When to Choose isMalicious
Choose isMalicious if:
- You need to block malicious traffic. Real-time reputation checking for IPs, domains, and URLs at sub-100ms speeds.
- Threat categorization matters. Knowing whether an entity is associated with phishing, malware, C2, or spam drives different response actions.
- You want affordable threat intelligence. Starting at $9/month for production API access.
- Domain and URL coverage is needed. Shodan doesn't cover domain reputation or URL scanning.
- Real-time streaming feeds are important. Push-based threat events with under 5-second latency.
- You need production integration. SDKs, webhooks, and bulk APIs designed for application-level security.

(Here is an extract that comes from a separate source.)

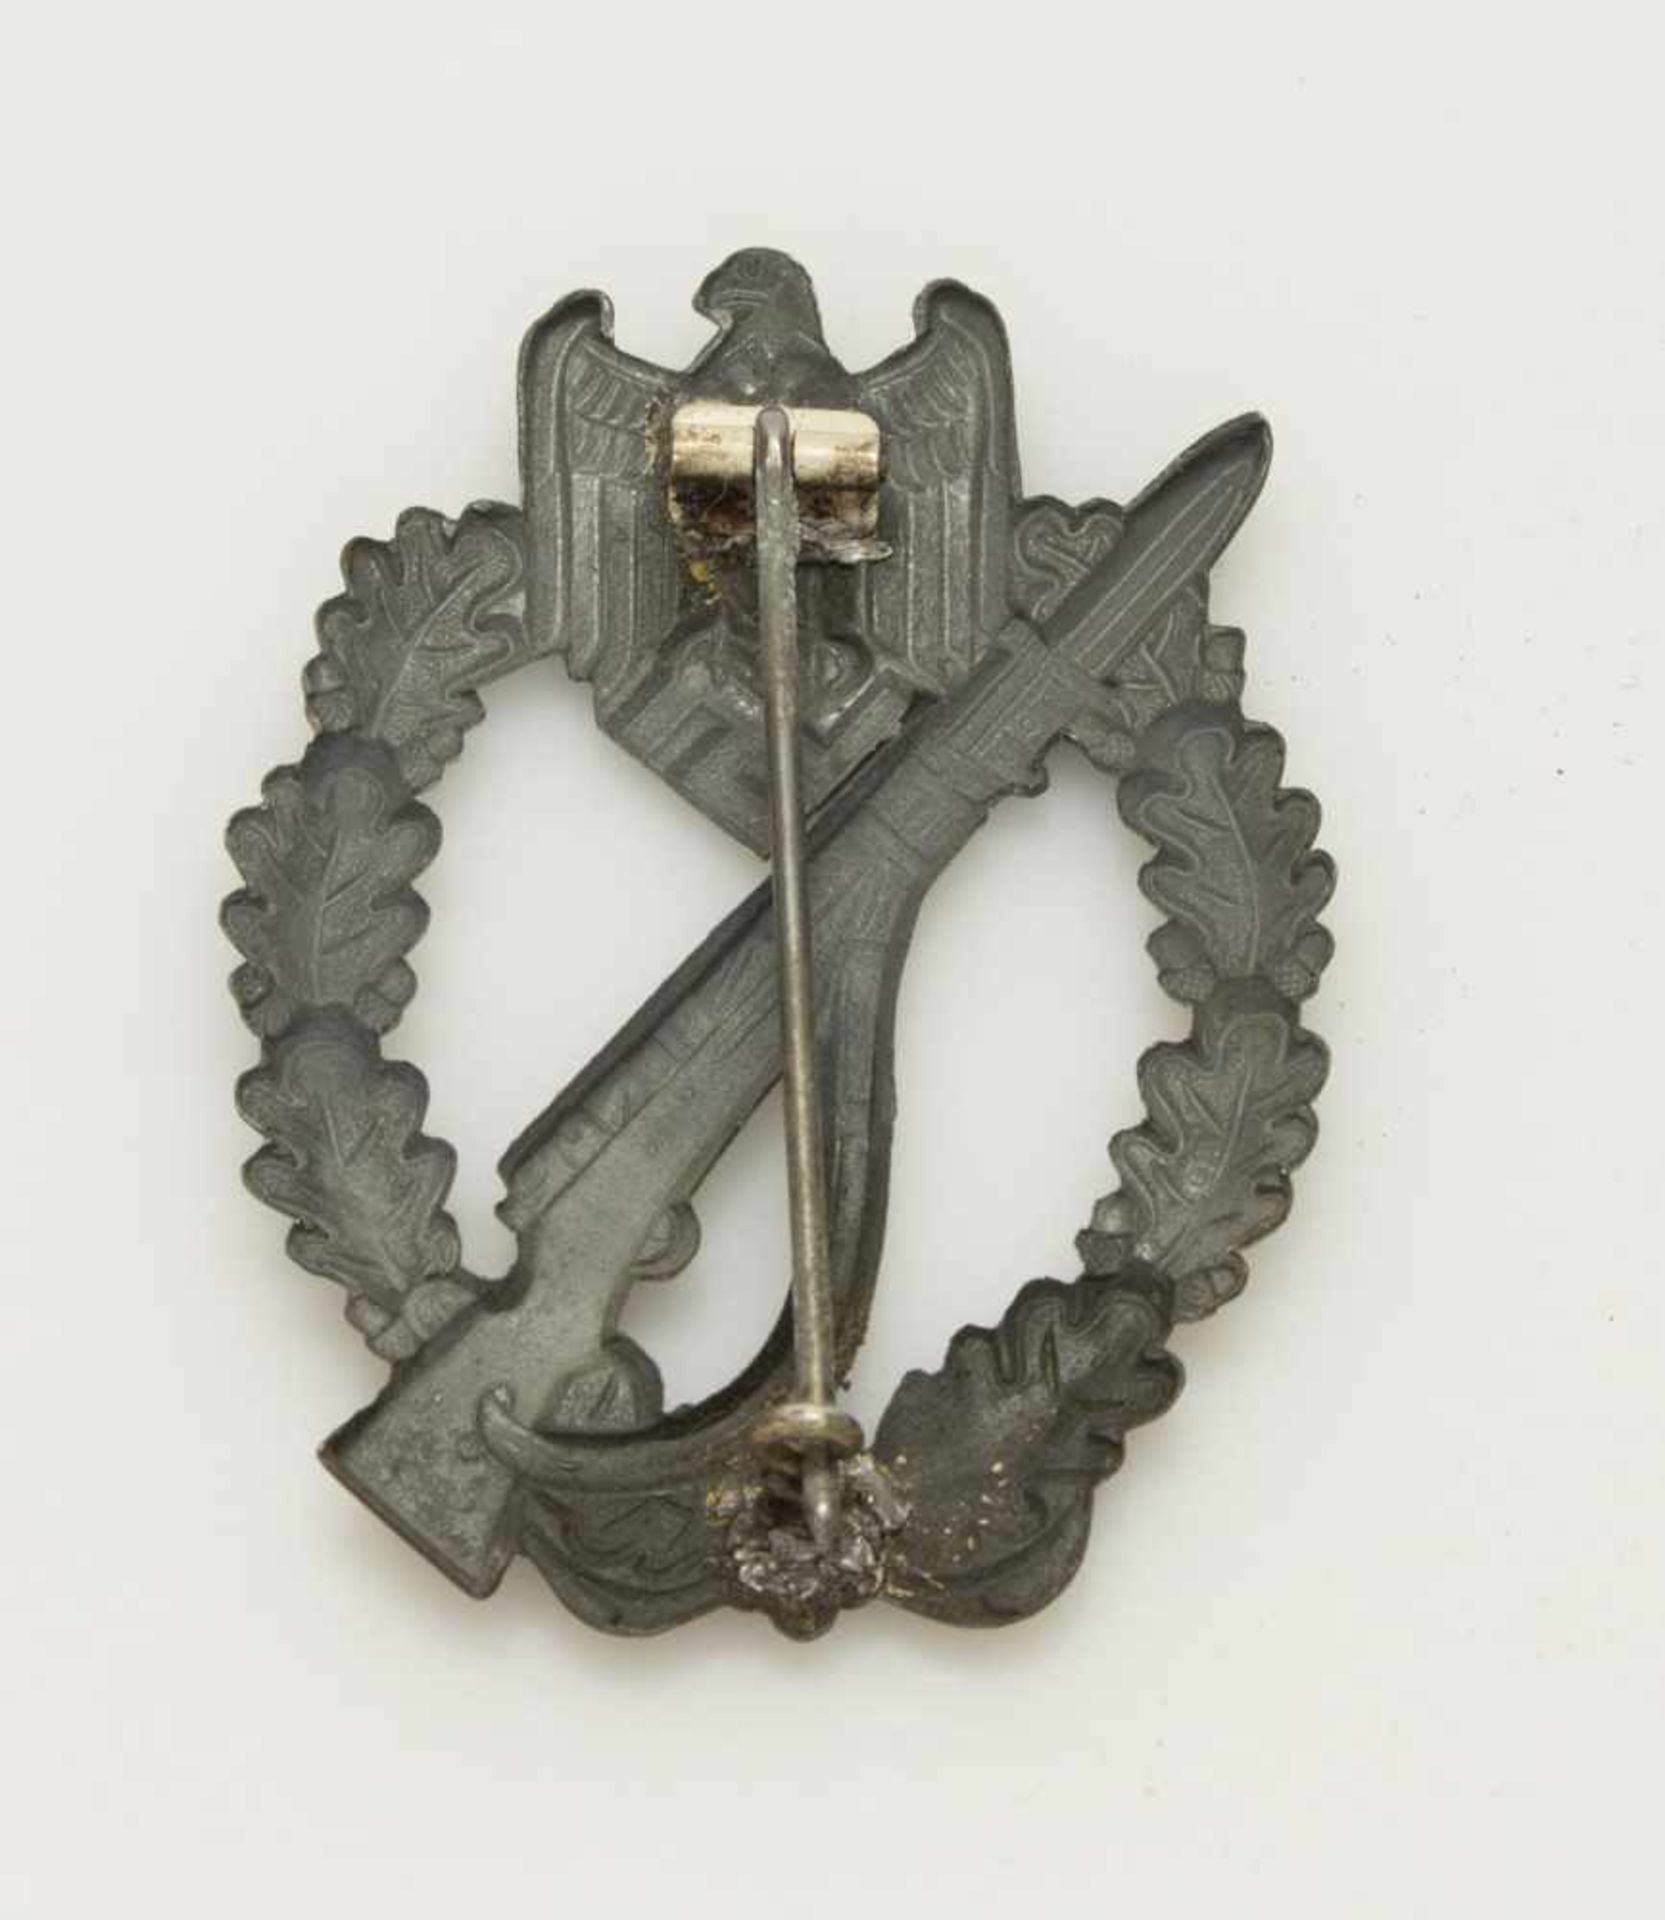 Infanterie Sturmabzeichenin Silber, Hohlprägung, II. WK, Nadel ersetzt - Image 2 of 2

The Best Approach: Use Both
Shodan and isMalicious are not competitors — they're complementary tools that address different layers of security:
- Use Shodan to understand your attack surface. Discover exposed services, identify vulnerable software, and monitor changes to your internet-facing infrastructure.
- Use isMalicious to block incoming threats. Check every IP, domain, and URL that touches your systems against 500M+ threat records in real-time.
Together, they provide both outward visibility (what you expose) and inward protection (what threatens you).
Example workflow:
- Shodan Monitor alerts that a new service appeared on one of your IPs.
- You investigate and find it's communicating with an external domain.
- isMalicious confirms the domain is associated with C2 infrastructure.
- You isolate the system and begin incident response.
Neither tool alone would have provided the full picture.
Conclusion
Shodan is a best-in-class tool for internet-wide scanning and attack surface discovery. isMalicious is purpose-built for threat reputation and real-time malicious entity detection. They answer different questions, serve different workflows, and complement each other in a mature security program.
If you've been using Shodan for threat reputation checks, you may find that isMalicious provides faster, more actionable results at a lower cost — while freeing up your Shodan quota for what it does best: mapping the attack surface.